Thirty Years or Forever

Never underestimate the power of two lovers;

their hearts beating in time 

with the One who fashioned hearts.

– dona sofia

Ours, like any long journey of love, is a difficult love: tested, tried, twined, tangled, and yet somehow true. Life together has been good…and hard, two words proving to be synonymous when it comes to the marriage of James E. and Donna K. Wallace. Whether it was God, fate, or a trick of nature, we chose one another. The challenge has always been to choose again…and again, to love/ honor/ cherish (!)/ in illness/ health, poverty/wealth, til death do us part. We are asked to choose the chosen each new day and the next, and the next. 

The choosing got harder before it got easier. Maybe we still haven’t arrived at easier. “Easy” is a default setting on personal ambition, boredom, work-aholism, our own agendas, nurturing new friendships at the expense of fighting for this one sitting across the dinner table repeating stories we’ve already heard, copping negative attitude, complaints about the day while eating meat, potatoes, and a vegetable. 

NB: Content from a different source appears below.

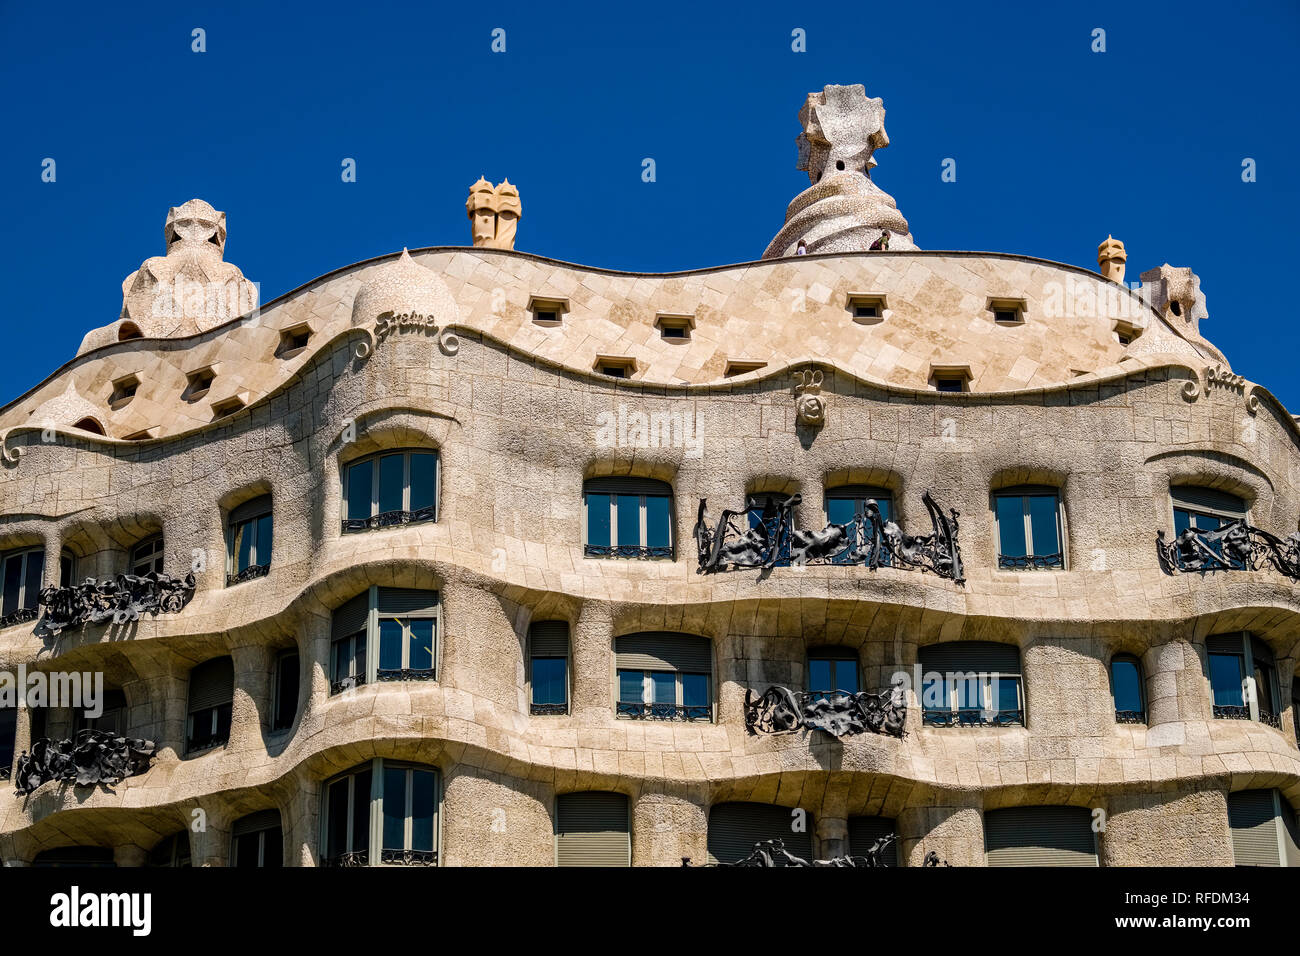 Detail of the facade of Casa Milà, architectural work of Antoni Gaudí Stock Photo
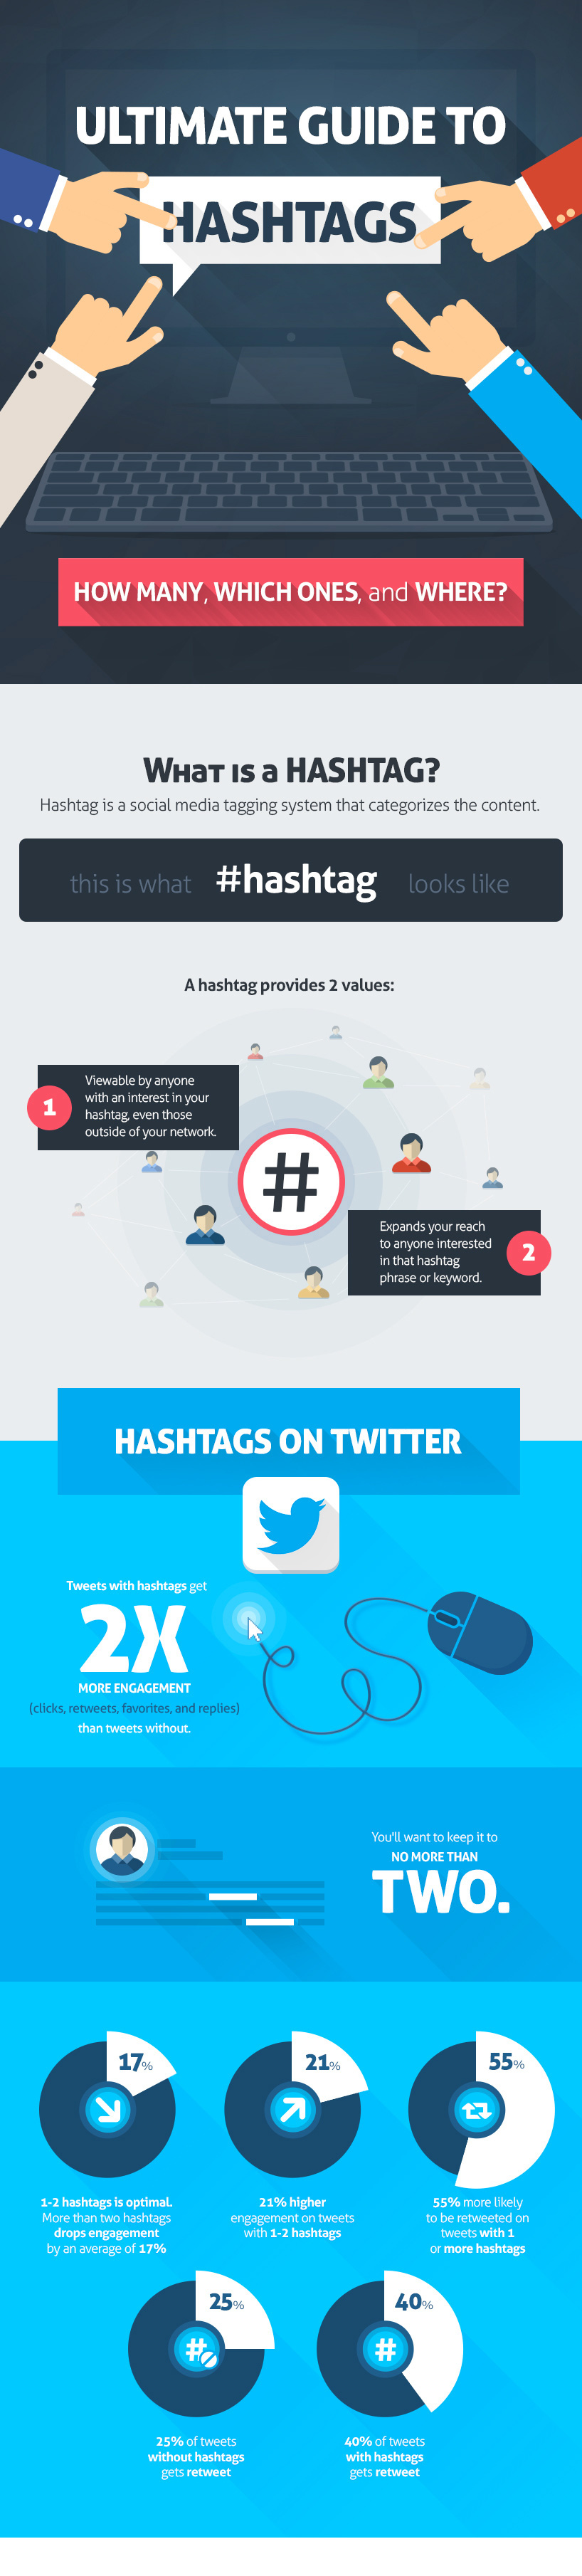 lwolf ultimate guide to hashtags 1

I think of words whispered to me while flying from Raleigh Durham to Minneapolis/St. Paul. My seat mate, a friendly old southern gent leaned toward my ear and declared, “My wife said that she vowed to stay with me through better or worse, sicker or poorer, but not every day for lunch!”  

Still, I didn’t want this union of ours, this marriage, this covenant, to go by unnoticed or to roll out merely by chance. I didn’t want to leave my kids with only the “yucky parts”[1] –the bitter without sharing the full-bodied sweet. Isn’t this what archivists, scribes, and romantics do…excavate the pages of past history to find what is meaningful, or for meaning-making, and even with hopes of keeping it alive? Can we make sense of the ever-present polarity of both the ecstasy and the pain simply by writing about it? Might we find the joy inherent in the whole of it? I would soon find out. Here I set out to reminisce the old, grieve the losses, attend the now, create the new. And, even hope for a re-do, when and wherever necessary.[2] 

Call me a hopeless romantic, I want to celebrate “us” without erasing (rubbing out) or glossing over.  And yes, unlike marriage, this account is written from primarily one point of view–mine. One should keep that in mind while reading.